Later, Ashok Chandra Panda, minister of Tourism & Culture, Government of Odisha spoke about the comprehensive plans that have been drawn for efficiently and effectively tapping Odisha’s tourism potential, targeting a substantial increase in arrivals to the state. Talking about these initiatives, he mentioned that the state had hosted FHRAI’s golden jubilee convention and also organised Indian Association for Tour Operators (IATO) convention.
Ananth Kumar, Union Cabinet Minister for Parliamentary Affairs and Chemicals and Fertilizers, Government of India elaborated about the efforts being put in by the government to boost the growth of hospitality and tourism. He said. “Recently, a hotel delegation came to Delhi during the parliament session to talk about Goods and Services Tax (GST) rates. While GST implementation was a welcome initiative, there exist some teething problems. There was some relief when the upper limit was revised from 28% to 18% for tariff from INR 5500 to INR 7500.”
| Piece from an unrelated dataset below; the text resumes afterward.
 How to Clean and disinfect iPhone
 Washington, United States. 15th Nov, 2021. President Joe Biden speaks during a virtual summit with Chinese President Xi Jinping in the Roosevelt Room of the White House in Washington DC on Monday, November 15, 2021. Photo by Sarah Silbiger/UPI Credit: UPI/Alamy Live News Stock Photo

He maintained that hotels and restaurants are the backbone of tourism and agreed that more leeway is required when it comes to GST. “In 2014, the total domestic passengers in aviation were six crore; they now stand at 10 crore, bringing about 21% growth. I suggest that to prepare a charter to the union and state governments and also discuss this with finance and tourism ministers.” He promised to act as a facilitator and speak to various ministers to ensure ease of doing business in hotels and restaurants for the growth of tourism in India. Later, Nakul Anand, executive director, ITC Hotels shared his vision delving into the rise of digital and mobile consumer usage where control has completely gone into the hands of the consumers. “We see a flurry of industry changes. Online search engines are exploring advertising models and metasearch companies are moving to assisted bookings. There is a blurring of industry value chains and data is the new oil. The travel industry remains the leader in e-commerce maturity with high online penetration. It is this twin rise of mobiles and social media that has made all the difference.”
The convention received good feedback from the industry. R Ravichandar, CMD of Nandhana Hotels has been attending FHRAI’s convention for five years and finds it worthwhile. He especially like Nakul Anand’s session and some of his doubts about GST were cleared during the panel discussion on the topic.
K Mohanchandran, director-operations, Taj GVK Hotels & Resorts and general manager, Taj Krishna Hyderabad especially liked the panel discussion on outsourcing of restaurants in a five-star setting as it made restaurateurs and hoteliers think differently. “The session on GST highlighted the plethora of issues that exist as we struggle to settle down in this new regime. Tax assessors, the government, hoteliers, vendors, and everyone else understands the importance of GST, but to try and understand the perspective of other people who have similar concerns is also very important. This is the value that the convention brings,” he said. Ajay Goel, MD of Shimla British Resort found the sessions to be good and as an owner of a heritage property he felt the event was a great place to learn from experienced hoteliers and restaurateurs. However, he opined that could be improved further by inviting more international participants. “International speakers and experts on food and hospitality could add more value to the sessions,” he stated.